Мои соседи землемеры — мои сверстники. А Живляков, из всех его приметишь по ногам, да и руки в стойле на ночь не умещаются, будет и постарше меня. Но никому ни до каких «суждений», хотя рассуждали здраво и вообще люди хорошие.
Под Лукрецией мы жили дружно.
За вечерним чаем — без лука, свой — я прививал моим товарищам мой шатающийся, но с моего голоса уверенный марксизм, и рассказывал из истории революционного движения — примеры горячей юношеской мечты, жертвенности, терпения и пропада.
* * *
Три громких пензенских имени: Д. А. Юрасов (1842), Н. П. Странден и П. Д. Ермолов. «Каракозовцы» — Авраамы революции. И участь их общая: приговорены к смертной казни, отбыли каторгу, поселение в Якутской области и через 20 лет кочевья, пройдя через все сибирские пересыльные тюрьмы, вернулись на родину, в Пензу.

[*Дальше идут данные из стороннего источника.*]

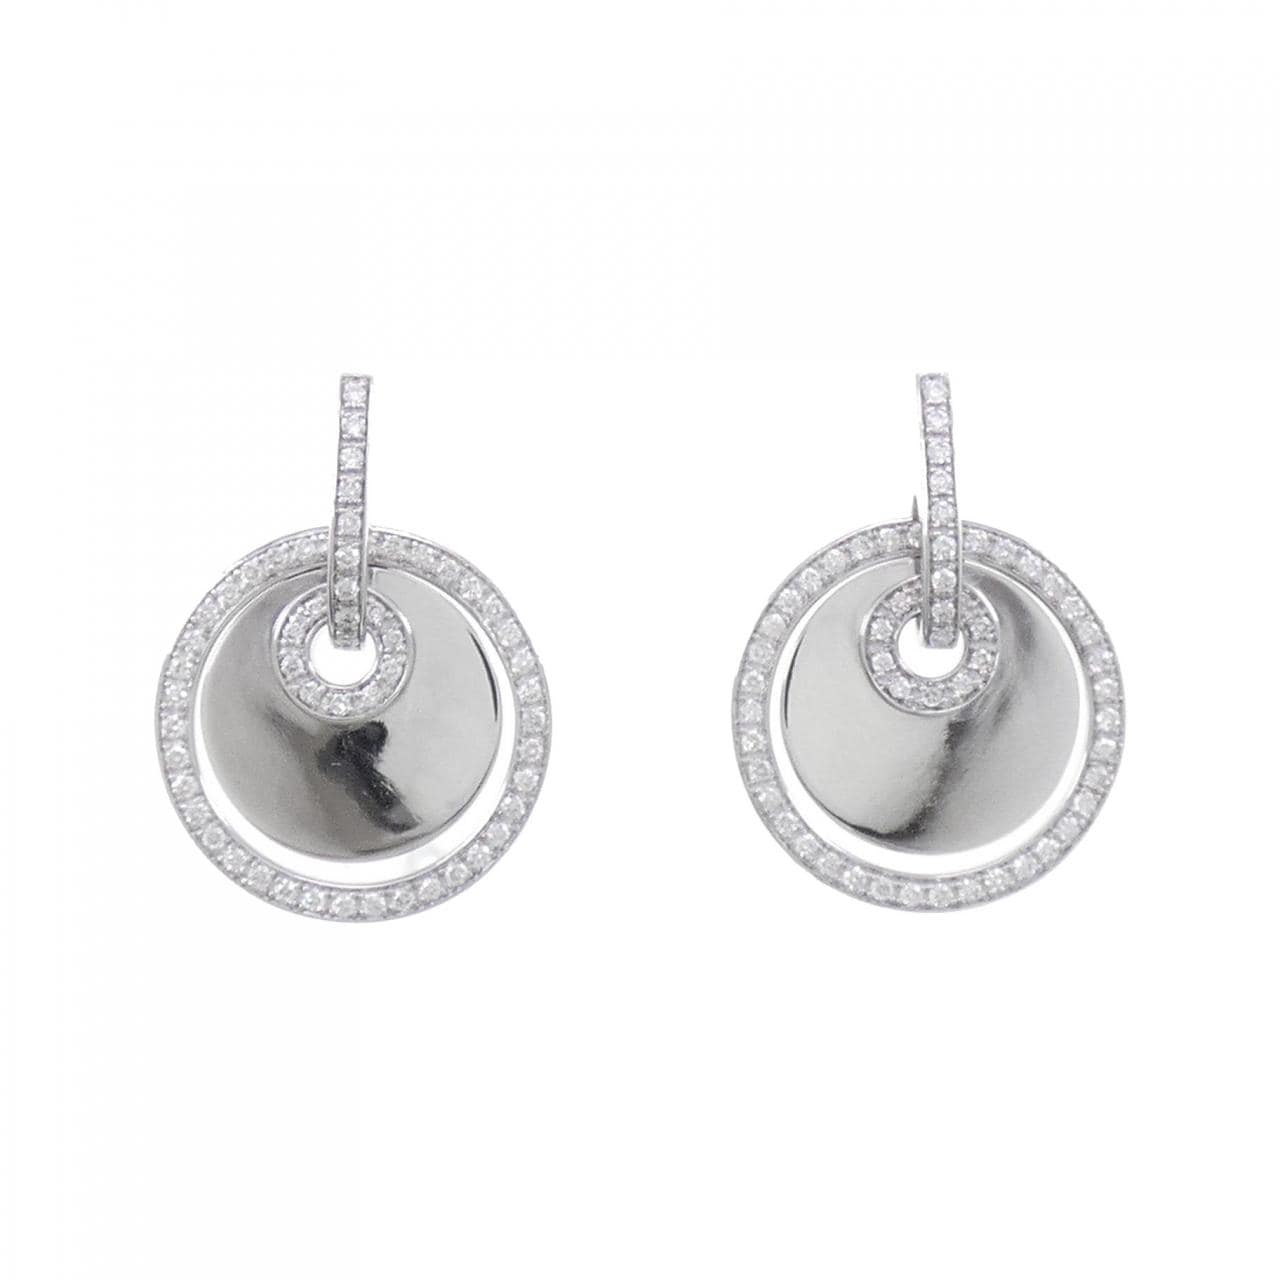 750WG/K18WG Diamond earrings 0.88CT

Странден и Ермолов в Пензенской губернии, а Юрасов в Пензе, адрес его известен.
Дмитрию Алексеевичу Юрасову пятьдесят шесть, но когда я думал о нем, он представлялся мне многостолетним — живая история. Когда это было: Каракозов стрелял в Александра II-го! Да и помнит ли кто: Каракозов? Покушение не удалось, под руку толкнул Комиссаров и Каракозов промахнулся. «Спасителя» зачествовали в Москве, постарались, Комиссаров спился, а Каракозова повесили (1866 г.).

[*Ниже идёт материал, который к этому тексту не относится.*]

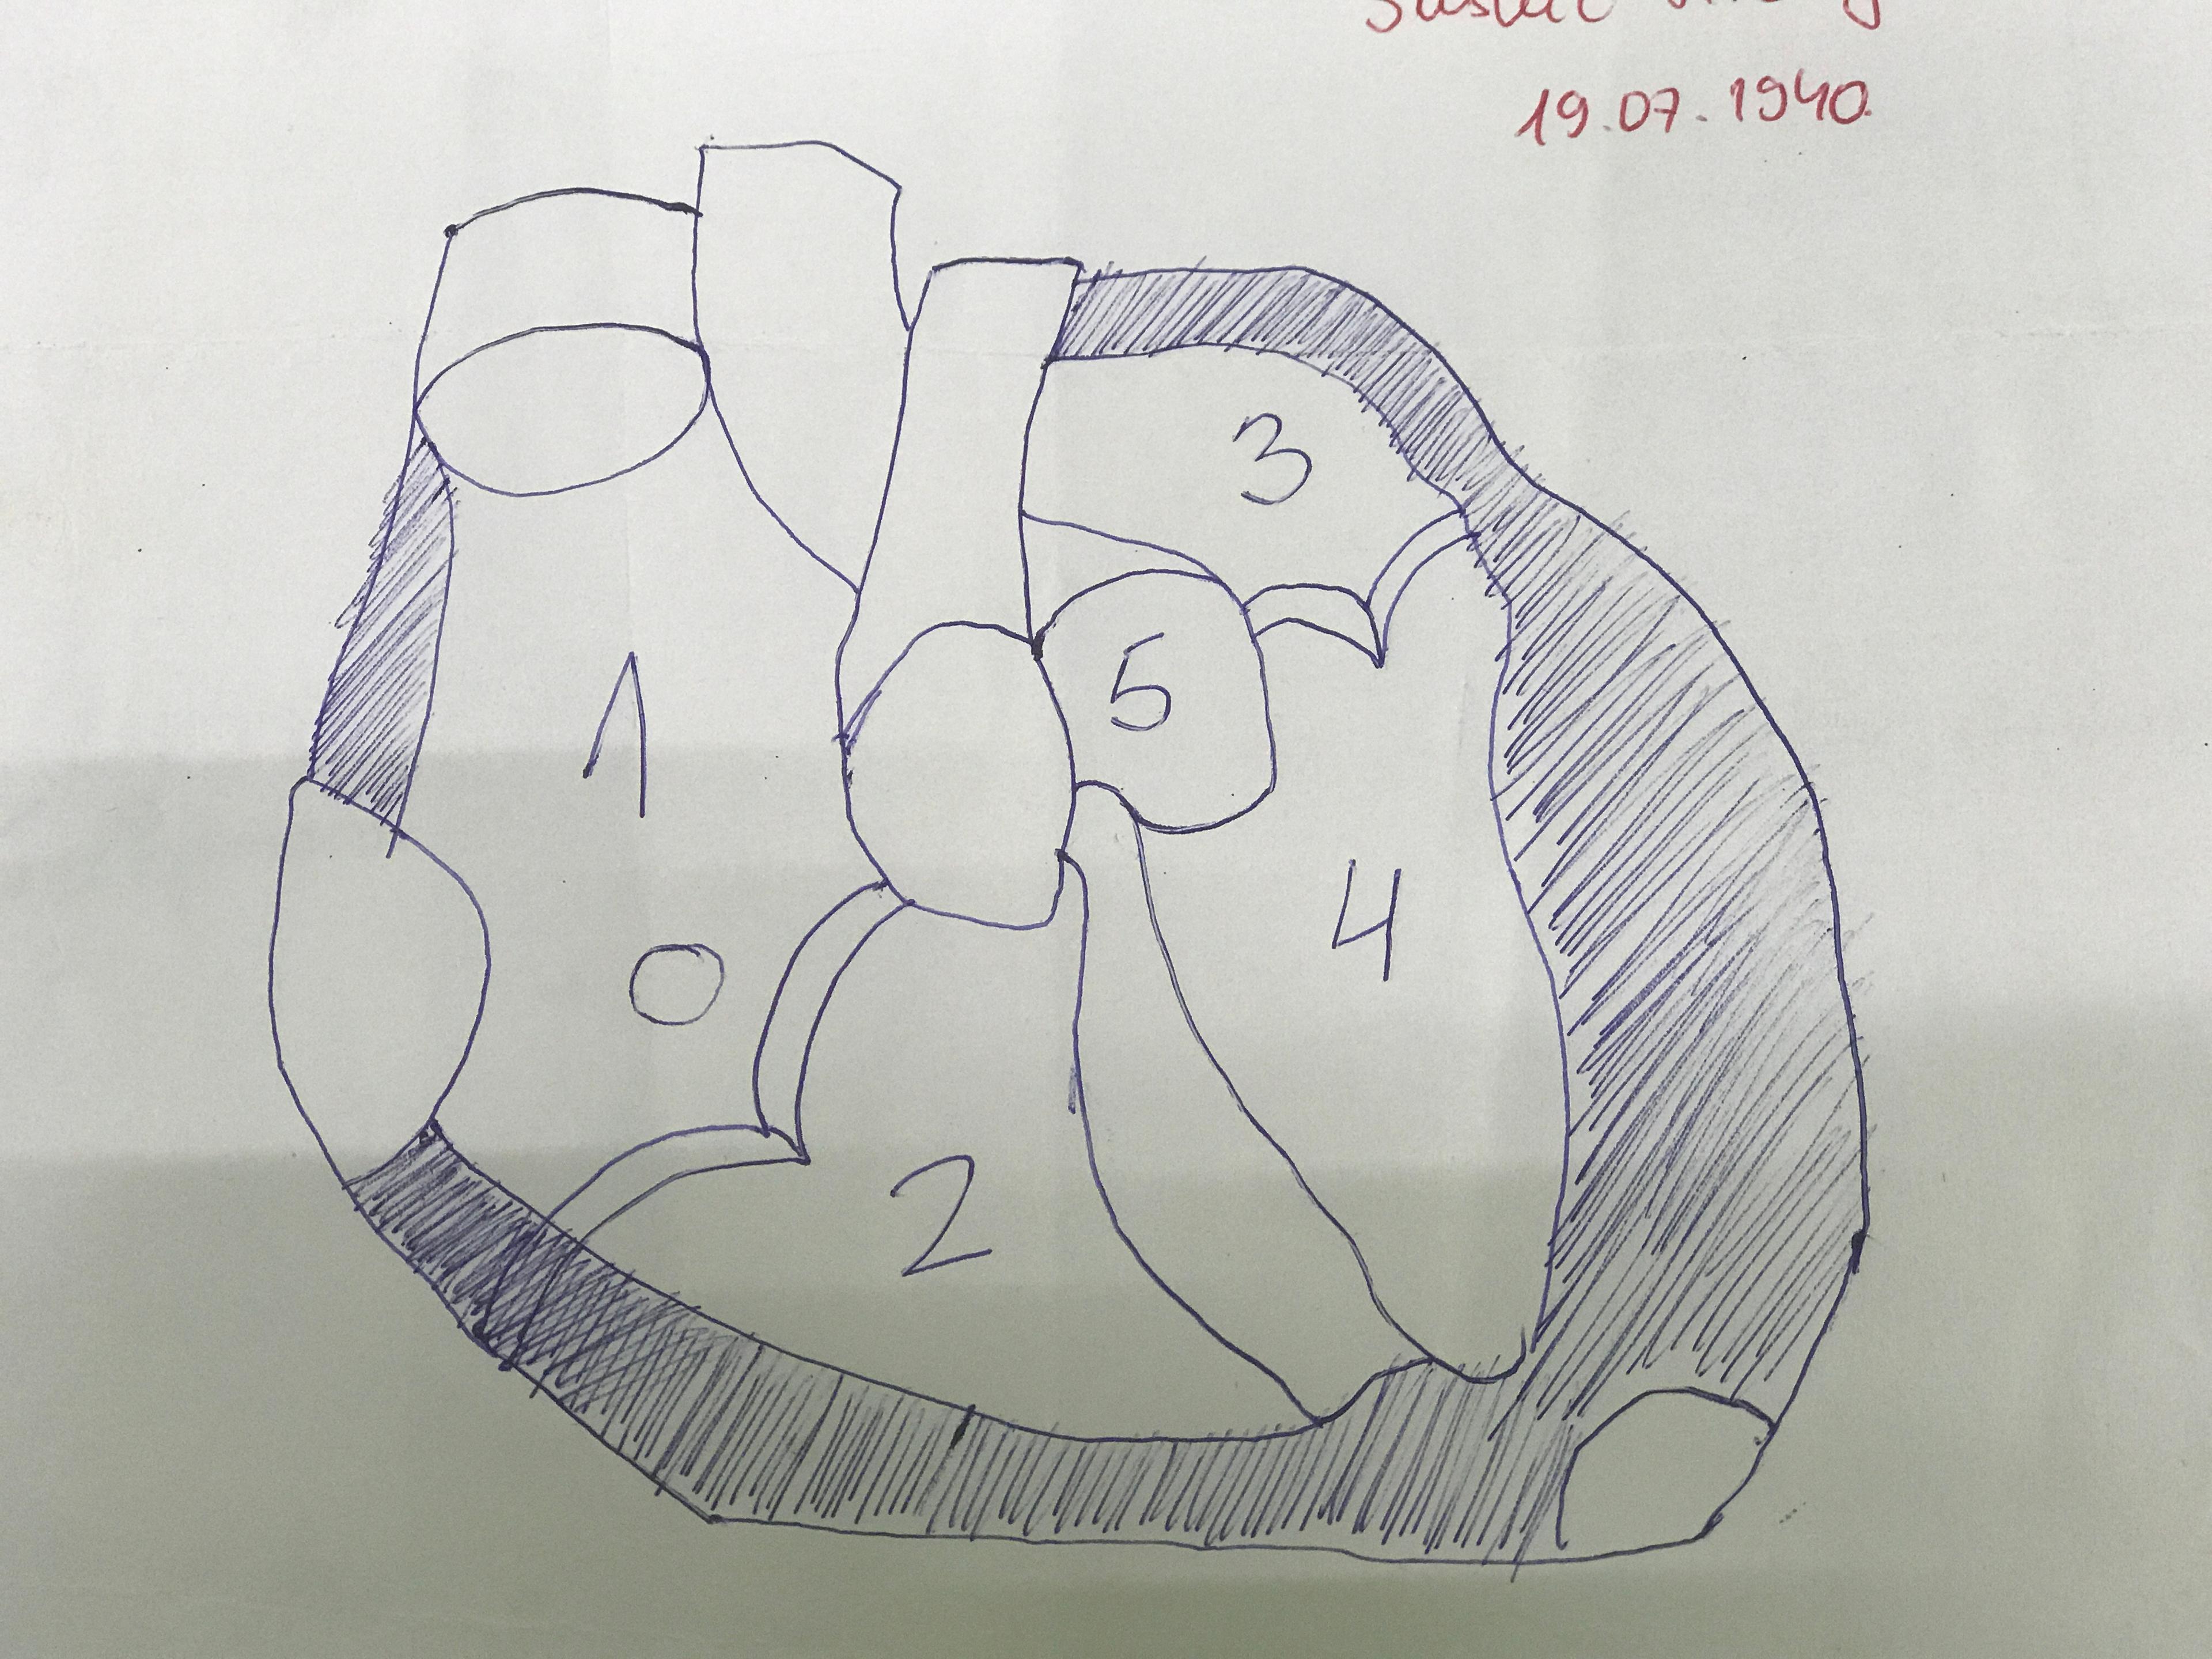 Crtež srca jednog od pacijenata - Avaz

В кружке Каракозова участвовал Юрасов и знал, как и другие, о замысле Каракозова, за то и расплачивался. После Якутского поселения он провел некоторое время в Вологде, и вот уже тринадцать лет, как свободно живет в Пензе и «благодушествует».
Мне хотелось взглянуть на человека, приговоренного к смертной казни, проверить, так ли это, как у Достоевского в «Идиоте» описано, или у всякого это по-своему, а Достоевский свое, исключительное, всем «смертникам» приписал; я говорю о глазах — о изменении самой природы зрения. Еще думал спросить о «Аде» — тайное общество, известное по делу Стандена. И какие писатели после «Что делать?» Чернышевского (1862) выразили, хоть намеком, чаяния их «организаций».
Конечно, я это чувствовал, выразителями их «духа времени» («настроения») не могли быть ни «Бесы» Достоевского, ни «Взбаламученное море» Писемского, ни «Новь» Тургенева, ни «Обрыв» Гончарова, ни «На ножах» и «Некуда» Лескова, ни трилогия Болеслава Маркевича, не говоря уже о Клюшникове, Авсеенке, Вс. Крестовском или скучнейшем Авдееве, авторе «Тамарина».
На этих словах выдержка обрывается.